Expositor's Bible Commentary Commentary


Expositor's Bible Commentary Commentary
"They then that received his word were baptized: and there were added [unto them] in that day about three thousand souls." — Acts 2:41 (ASV)
Two summary statements conclude Luke’s report of Peter’s Pentecost sermon. (1) Peter spoke earnest, solemn words, connoted by the verbs “warned” and “pleaded.” His characterization of this age as a “corrupt generation” has its parallel in Jesus’ words (cf. Matthew 16:4; 17:17) and in Paul’s (cf. Php 2:15).
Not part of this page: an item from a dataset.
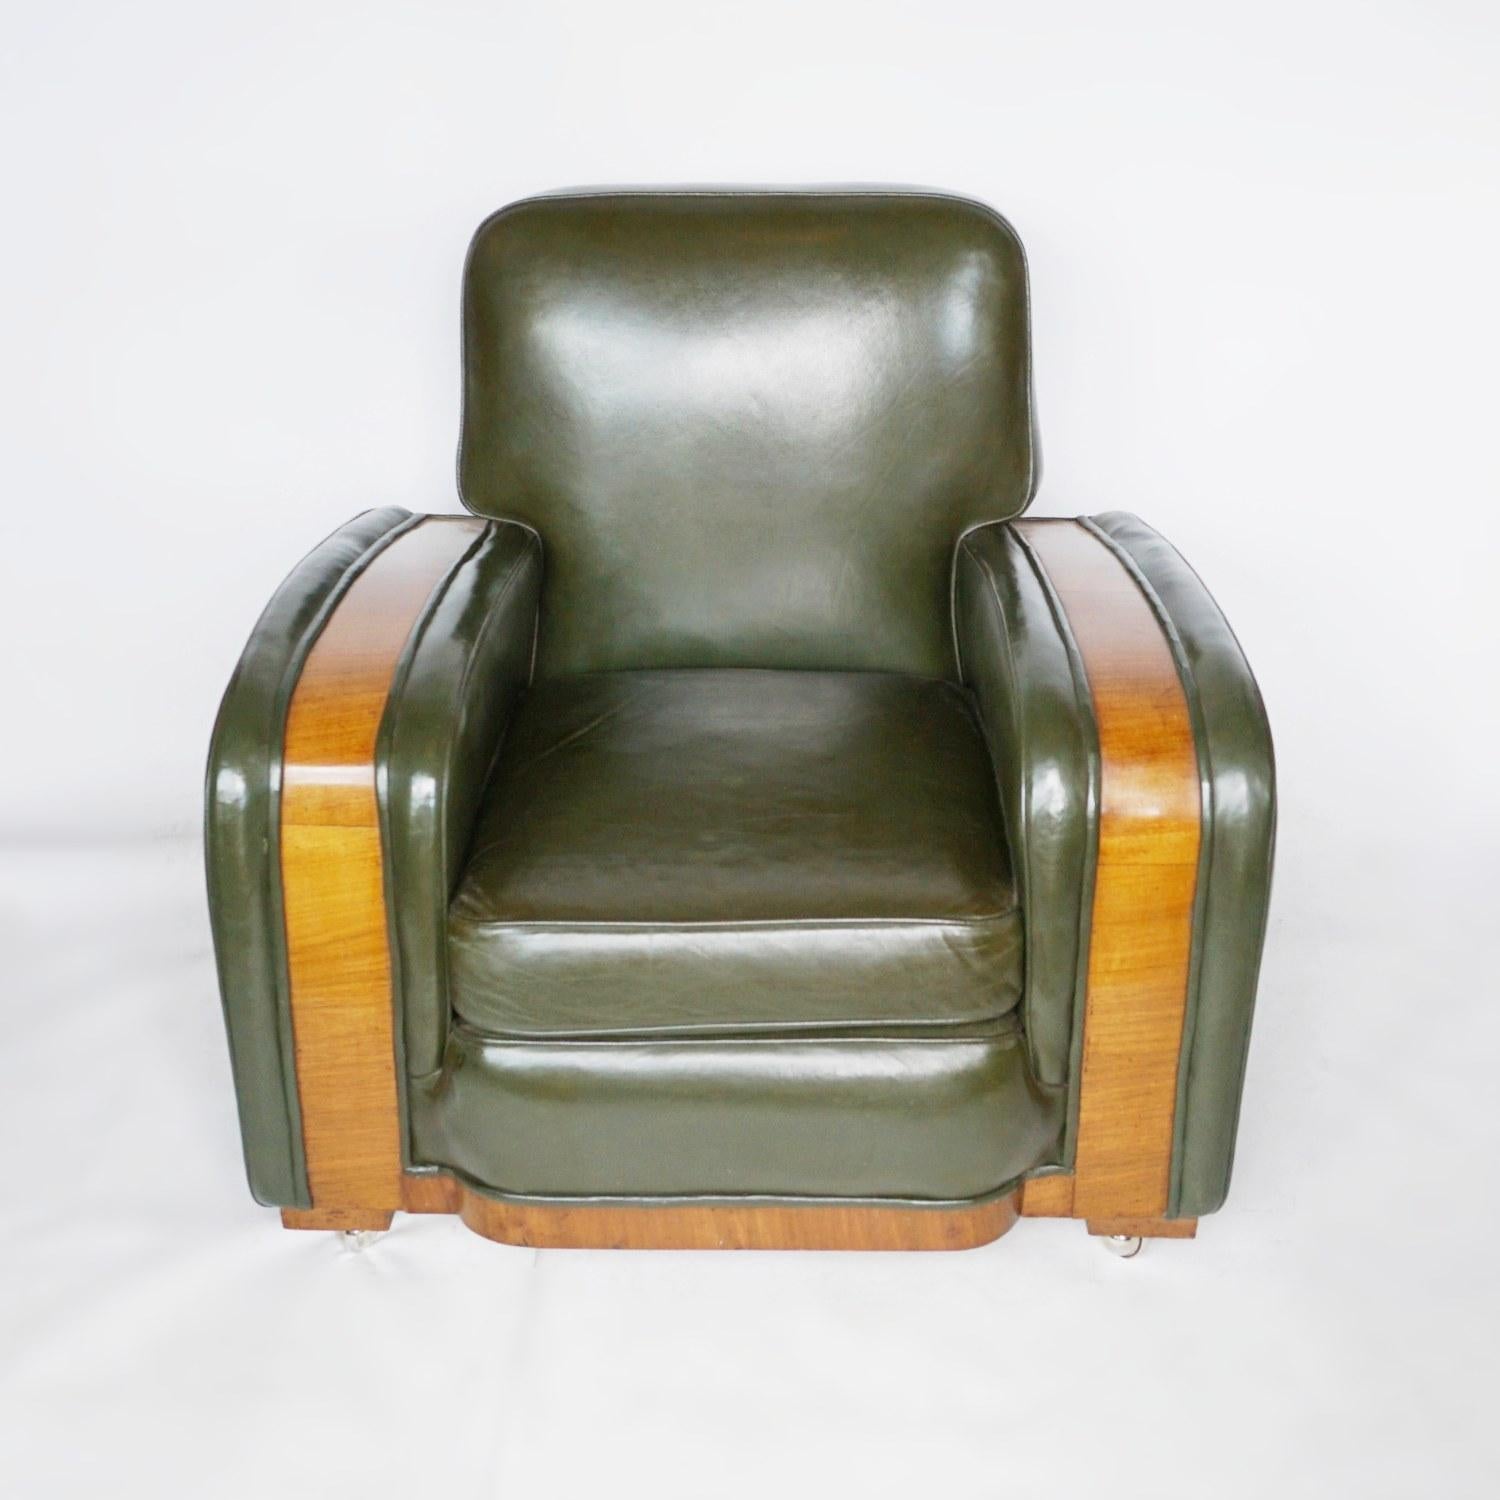 Leather Pair of Art Deco Tank Chairs Attributed to Heal's of London
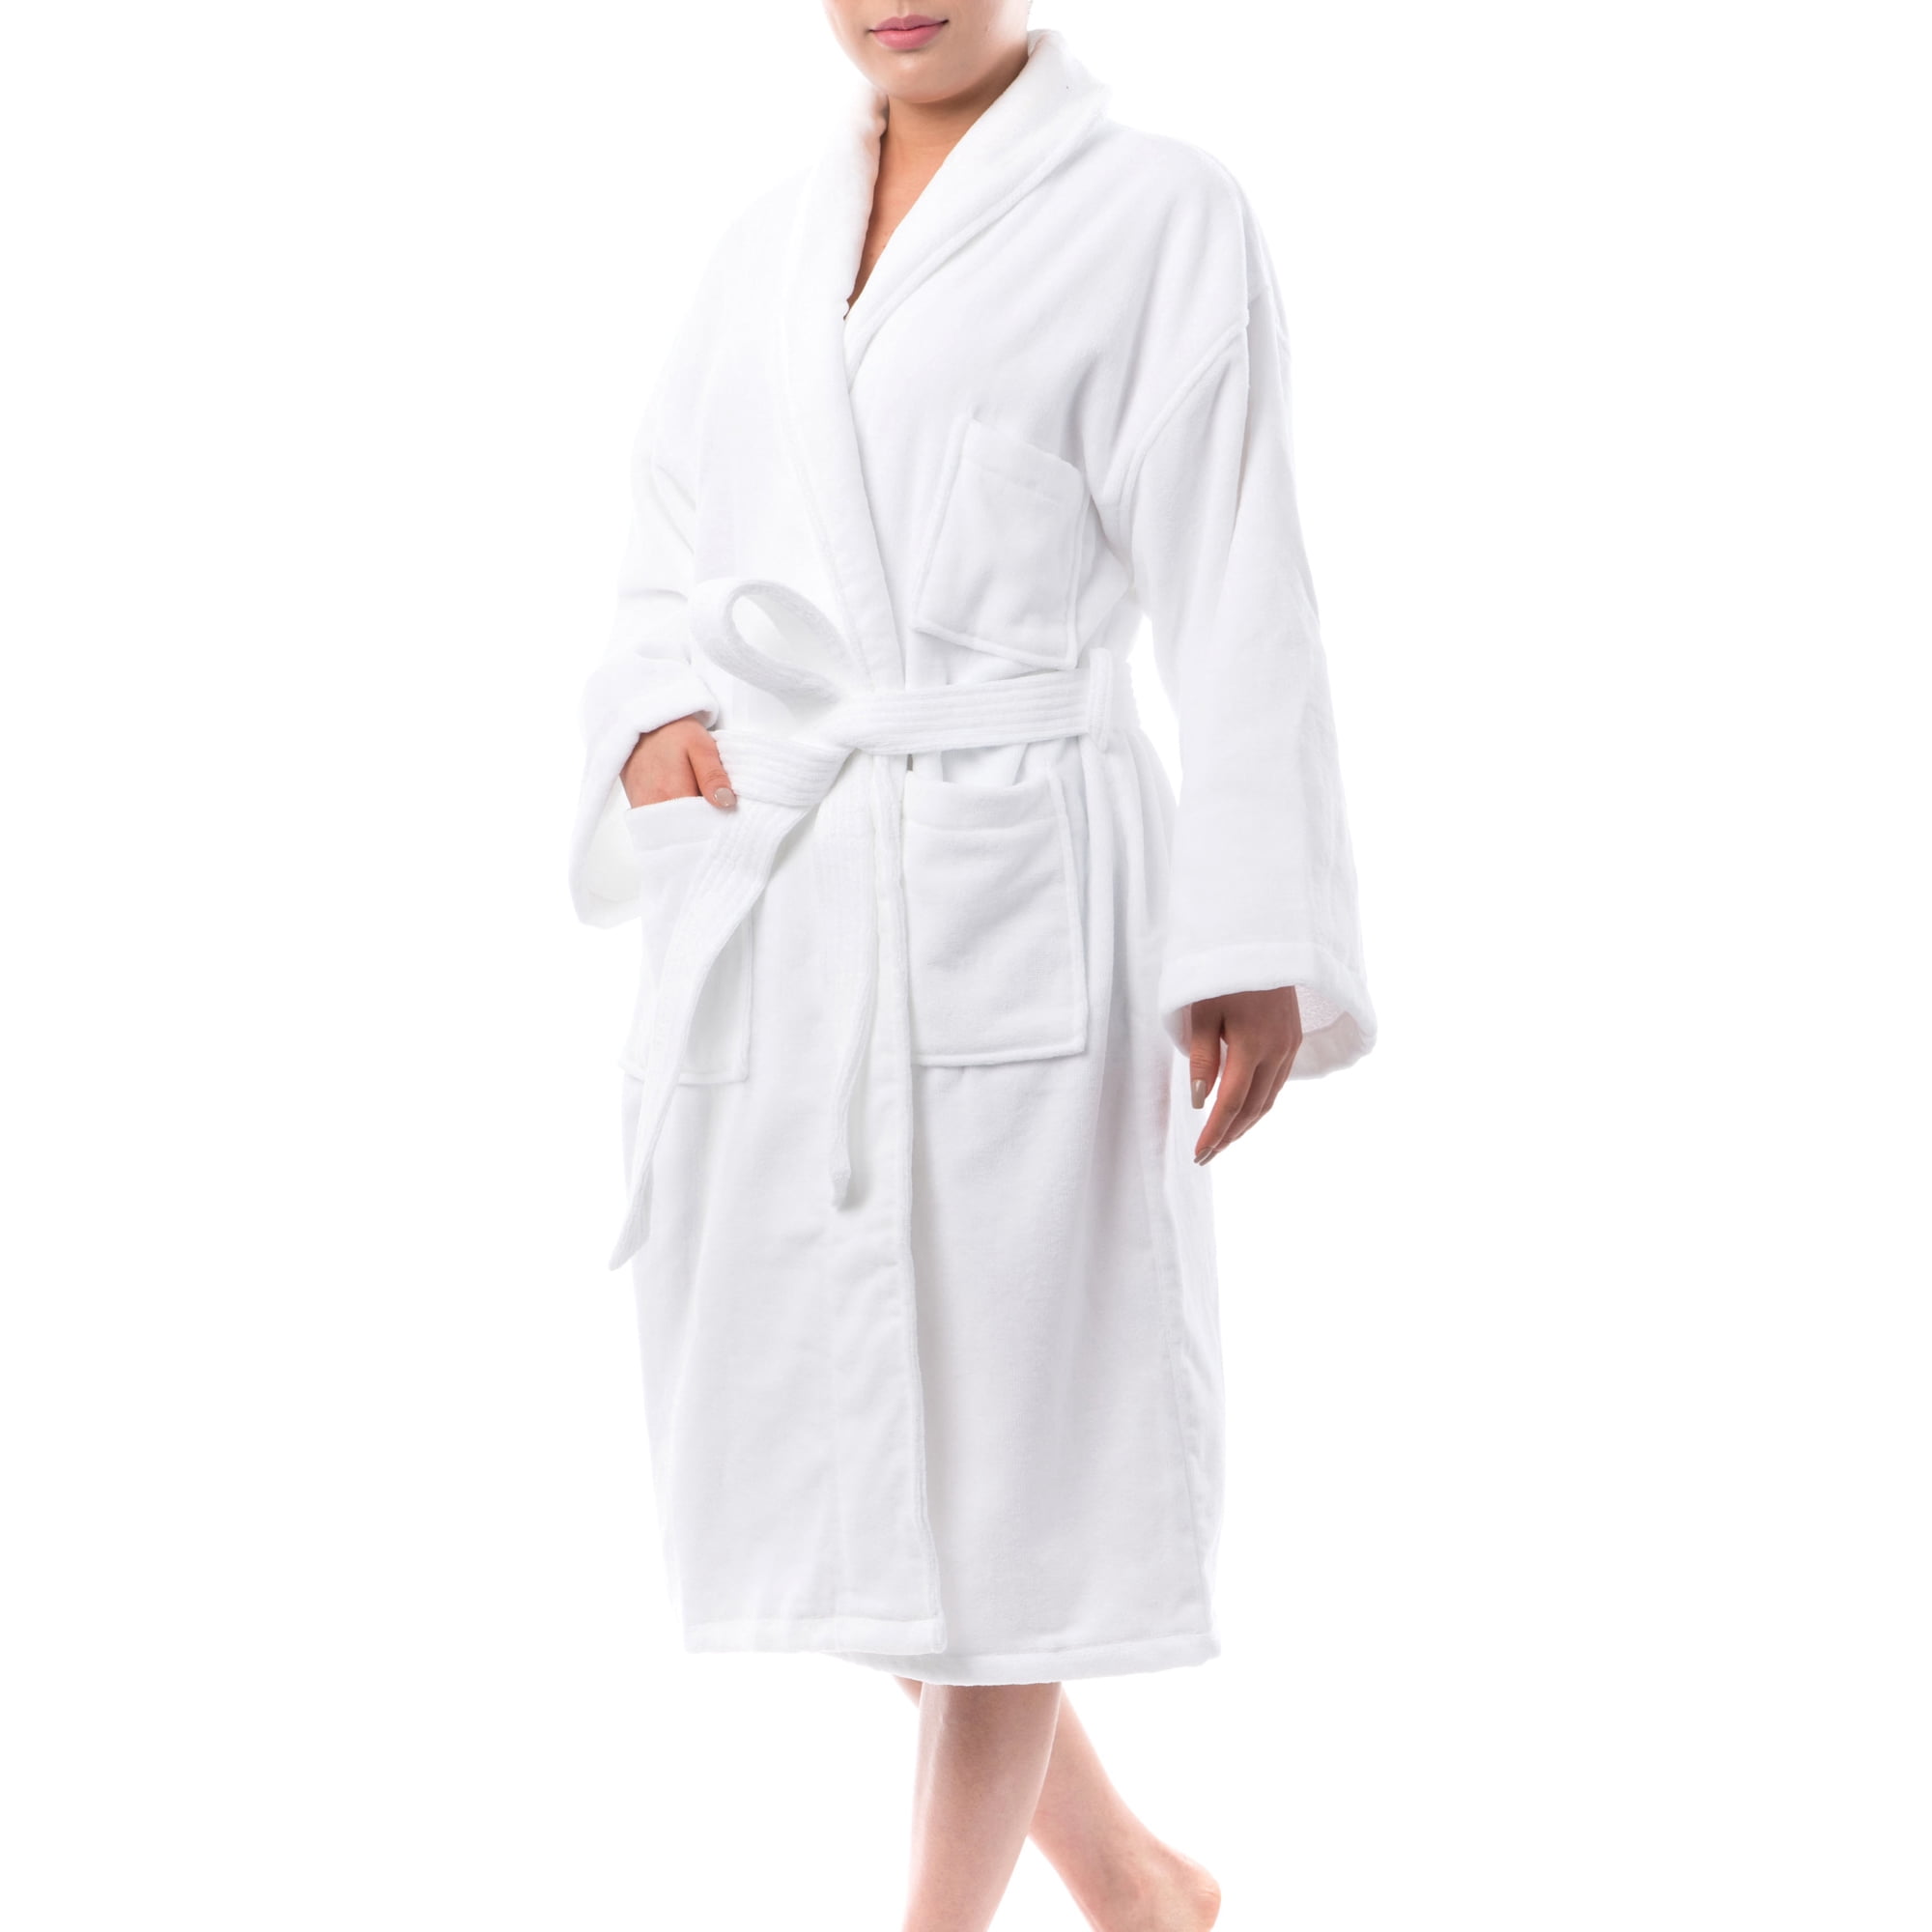 Unisex 100% Cotton Terry Towelling Shawl Collar Bath robe Dressing Gown SPA robe

What we have here is the vision of an evangelist—a vision that is all too often lost as the Gospel is acclimated to the world and the world to the church. The Jews generally looked on baptism as a rite only for Gentile converts (i.e., proselytes), not for one born a Jew, and it symbolized the break with one’s Gentile past and the washing away of all defilement. So when Jews accepted baptism in the name of Jesus on hearing Peter’s message, it was traumatic and significant for them in a way we in our mildly christianized culture have difficulty understanding. (2) Yet, as a result of Peter’s preaching, “about” three thousand took the revolutionary step of baptism. Thus, the congregation of believers in Jesus came into being at Jerusalem—a congregation made up of the original 120 (1:15) and progressively augmented by about three thousand others.